GIVEN INFORMATION.

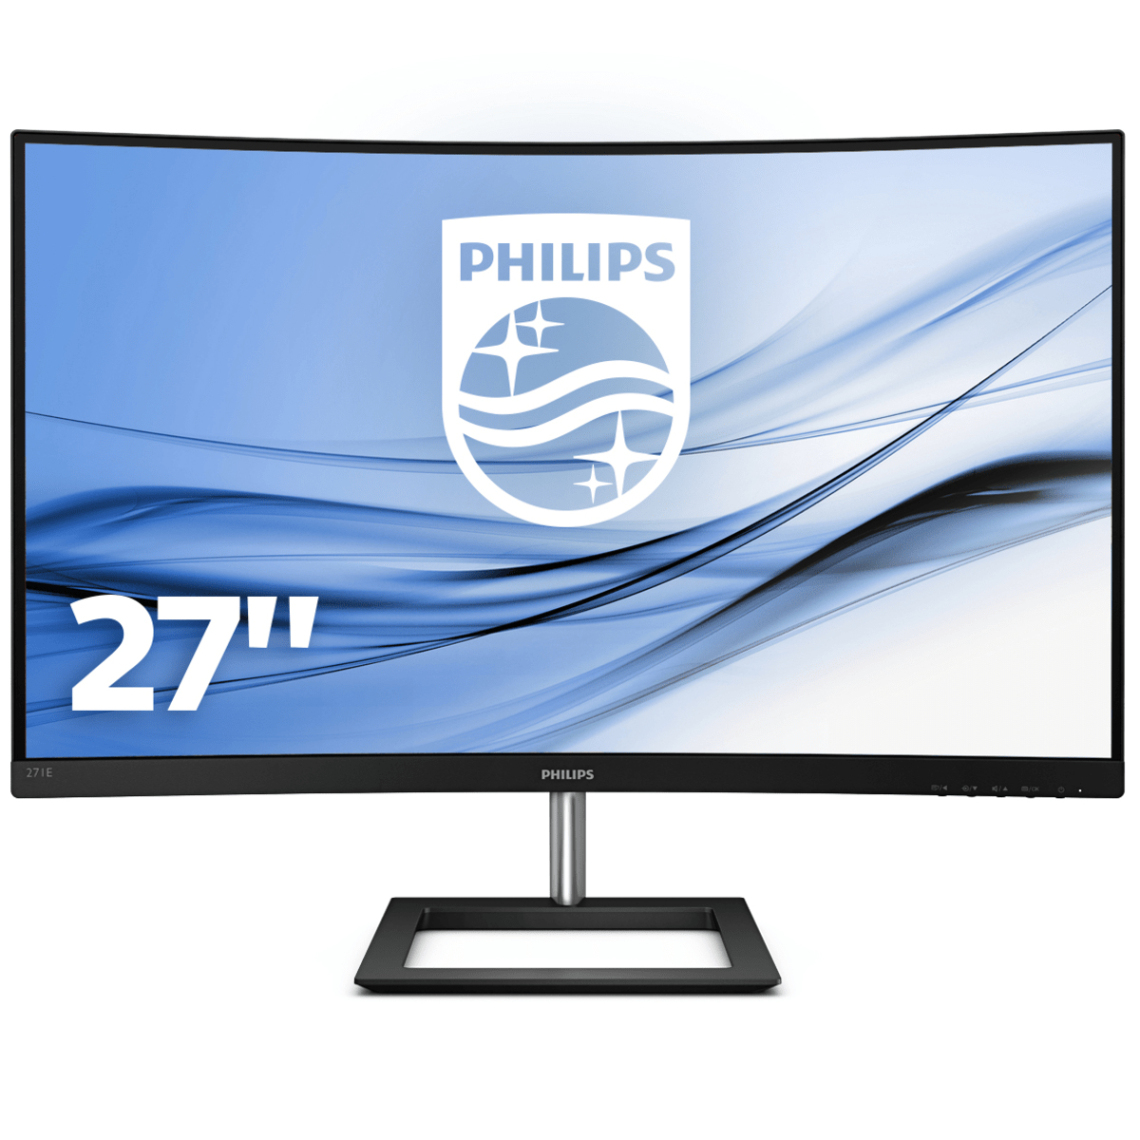 Philips - 27"" 271E1CA/00 - Moniteur PC
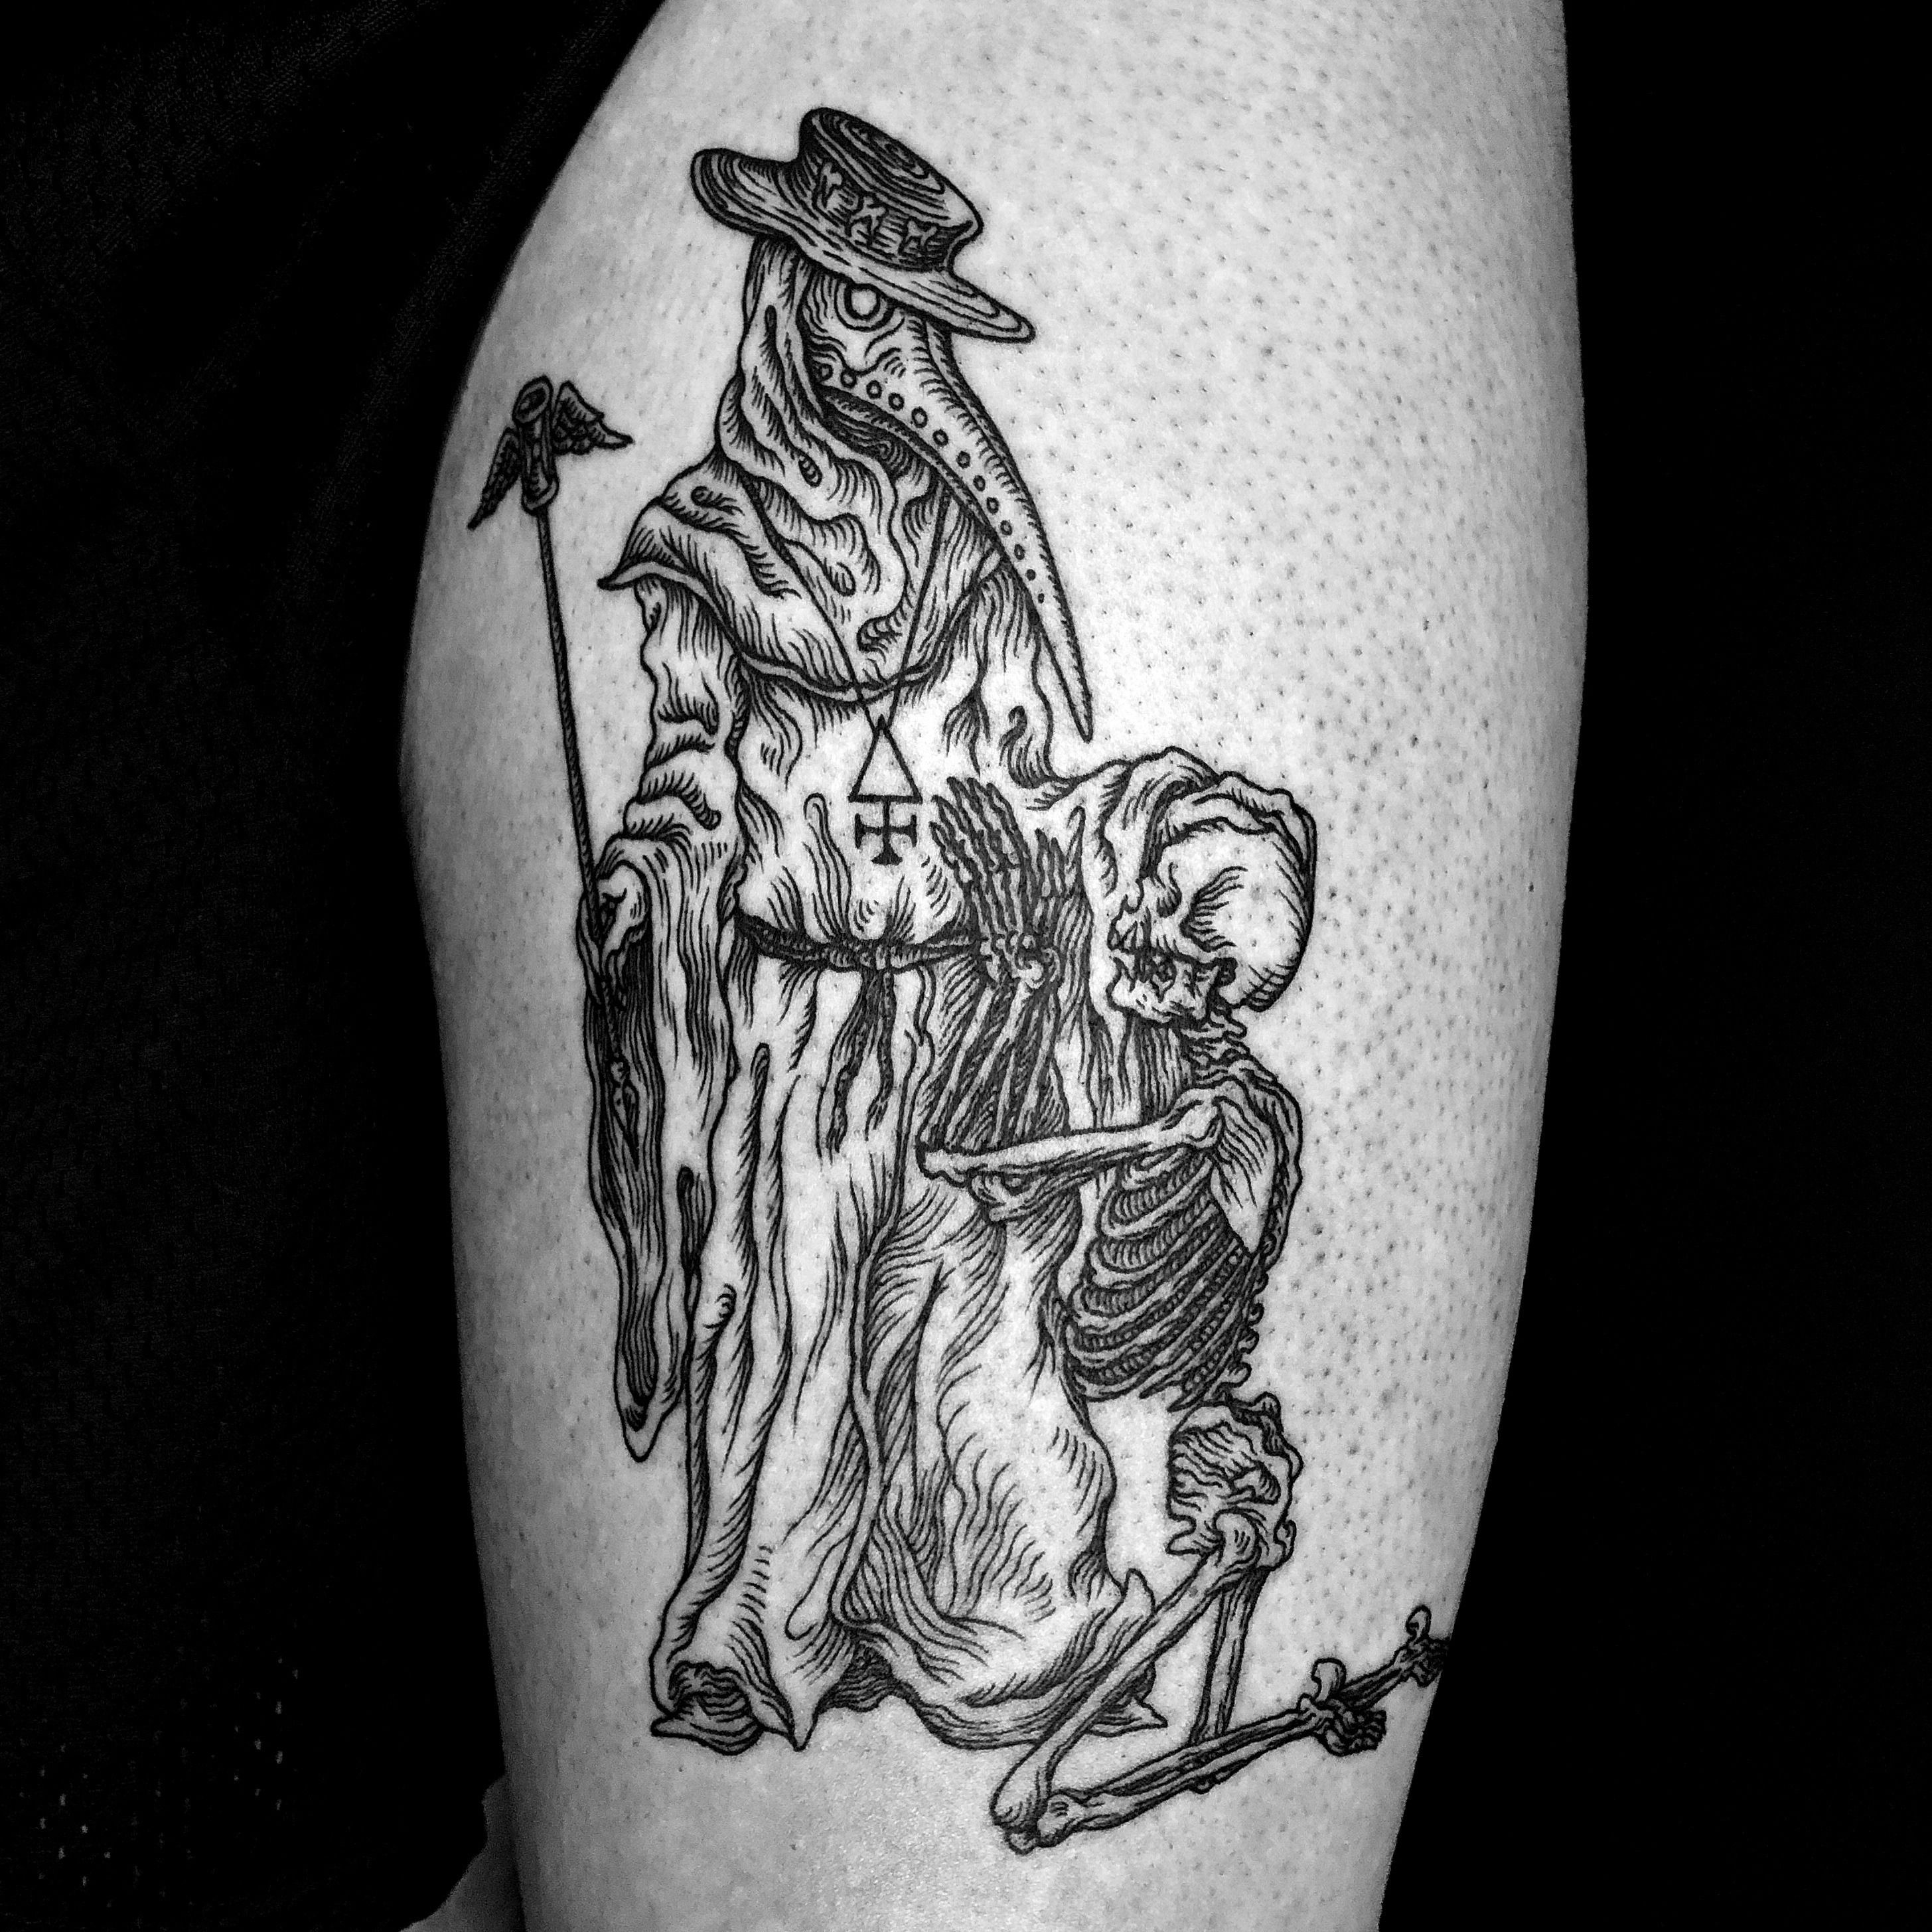 Billy Bernert an ongoing curiosity for tattoos  Tattoo Life
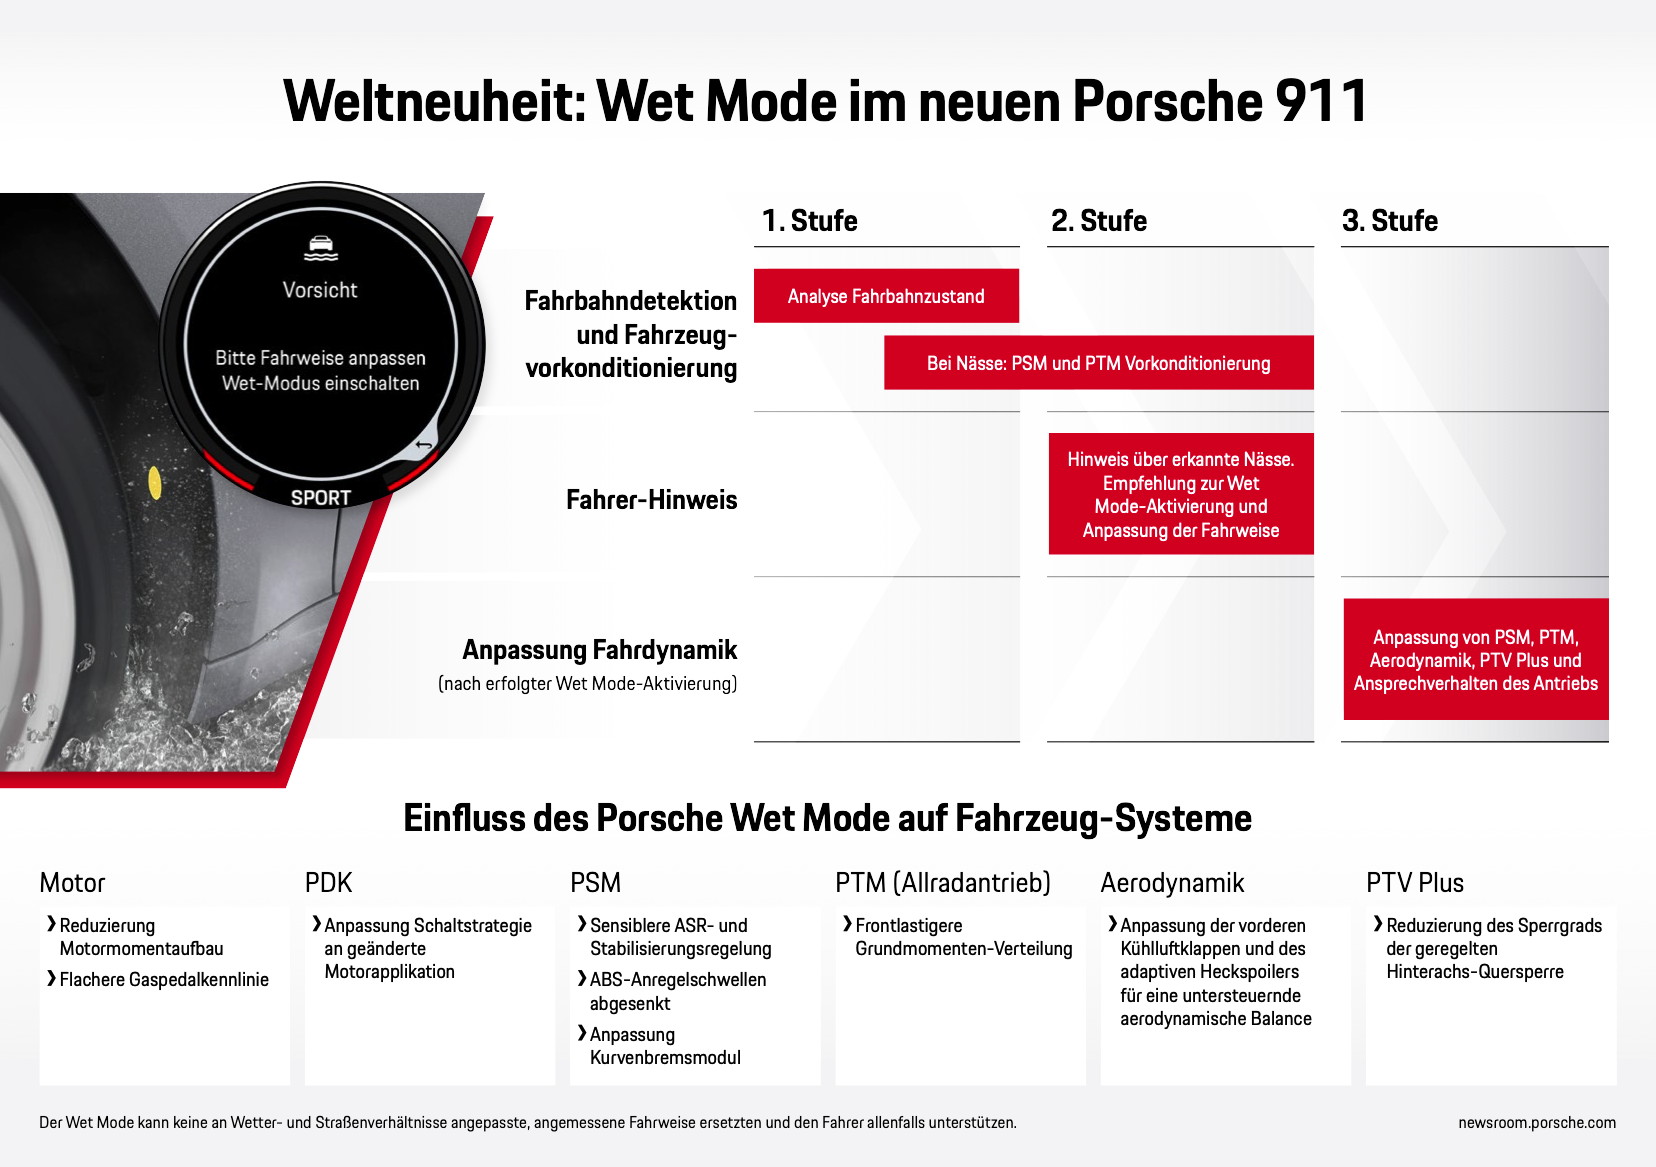 Wet Mode im neuen Porsche 911, Infografik, 2019, Porsche AG

TRY IT.
Everything in the listing should be repeated exactly except the pictures.

EXERCISE RESULT.
 Philips - 27"" 271E1CA/00 - Moniteur PC
 Billy Bernert an ongoing curiosity for tattoos  Tattoo Life
 Wet Mode im neuen Porsche 911, Infografik, 2019, Porsche AG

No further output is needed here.